In 1953, Bell Laboratories (now AT&T labs) scientists Gerald Pearson, Daryl Chapin and Calvin Fuller developed the first silicon solar cell capable of generating a measurable electric current. The New York Times reported the discovery as “the beginning of a new era, leading eventually to the realization of harnessing the almost limitless energy of the sun for the uses of civilization”.

In 1956, solar photovoltaic (PV) cells were far from economically practical. Electricity from solar cells ran about $300 per watt. (For comparison, current market rates for a watt of solar PV hover around $5). The “Space Race” of the 1950s and 60s gave modest opportunity for progress in solar, as satellites and crafts used solar paneling for electricity.

It was not until October 17, 1973 that solar leapt to prominence in energy research. The Arab Oil Embargo demonstrated the degree to which the Western economy depended upon a cheap and reliable flow of oil. As oil prices nearly doubled over night, leaders became desperate to find a means of reducing this dependence. In addition to increasing automobile fuel economy standards and diversifying energy sources, the U.S. government invested heavily in the solar electric cell that Bell Laboratories had produced with such promise in 1953.

The hope in the 1970s was that through massive investment in subsidies and research, solar photovoltaic costs could drop precipitously and eventually become competitive with fossil fuels.

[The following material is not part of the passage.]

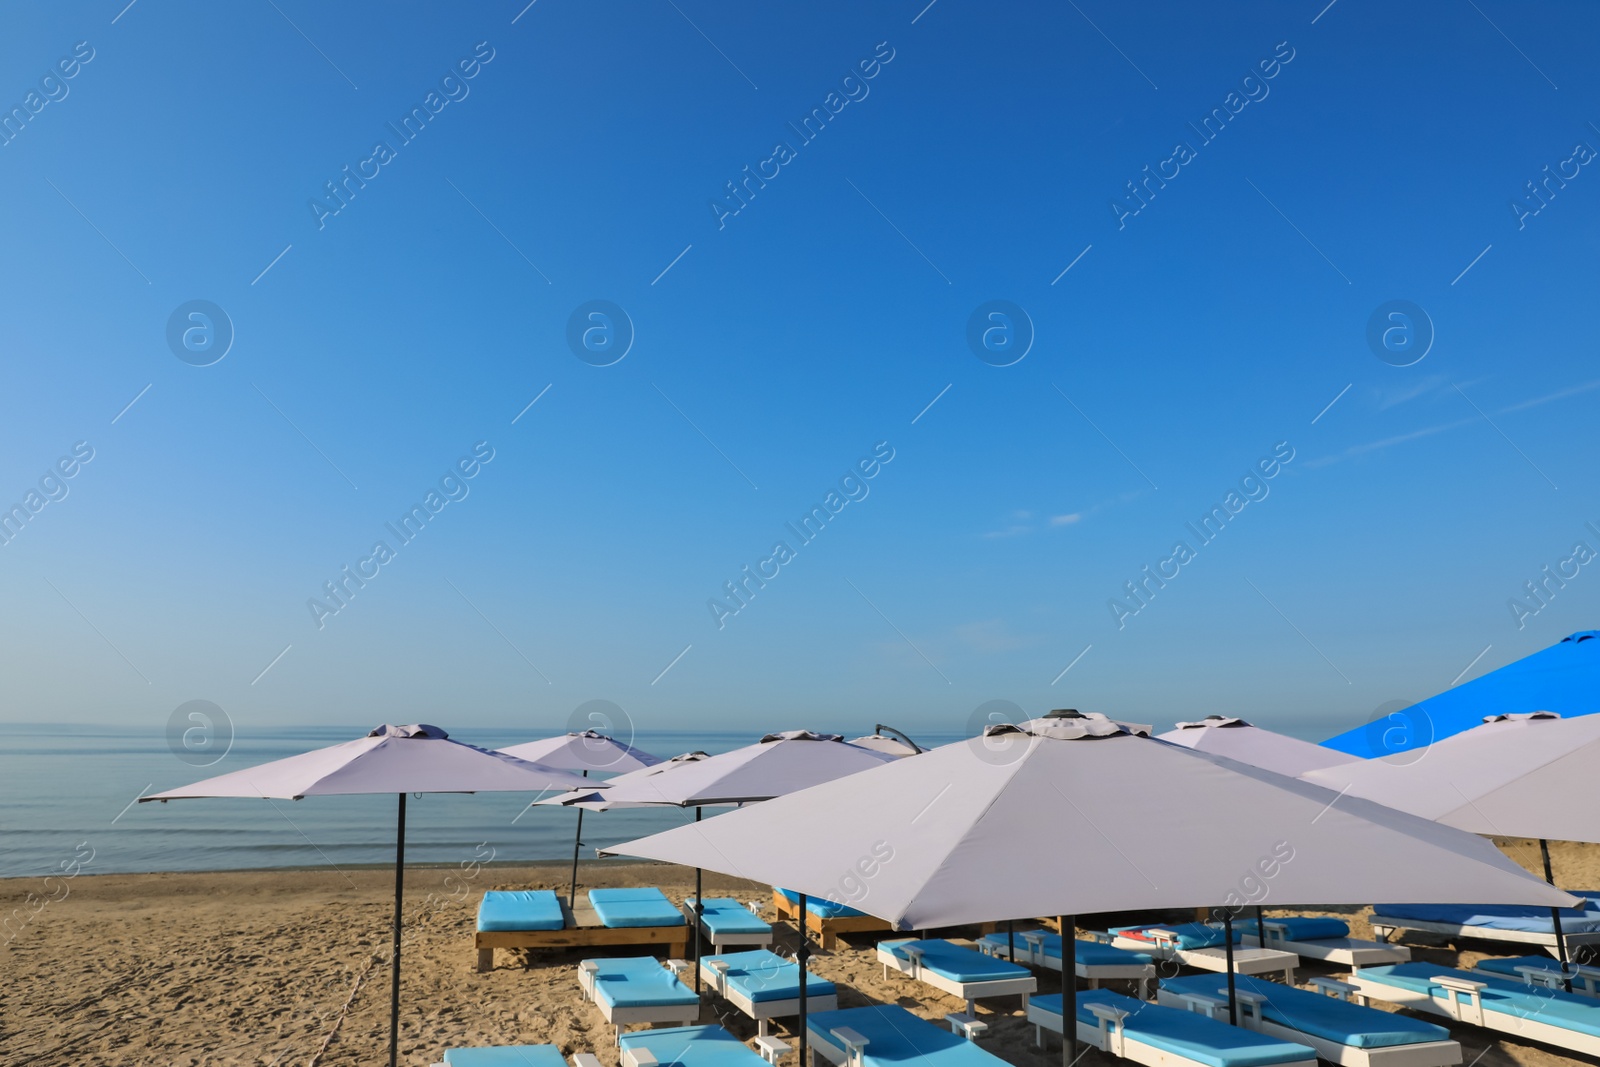 Photo of Many beach umbrellas and sunbeds at resort

By the 1990s, the reality was that costs of solar energy had dropped as predicted, but costs of fossil fuels had also dropped – solar was competing with a falling baseline.

However, huge PV market take-up in Germany and Japan has forced the industry to expand and grow, mass manufacture of panels in China and therefore cheaper installs for both individuals and big business alike. The long awaited solar revolution is here!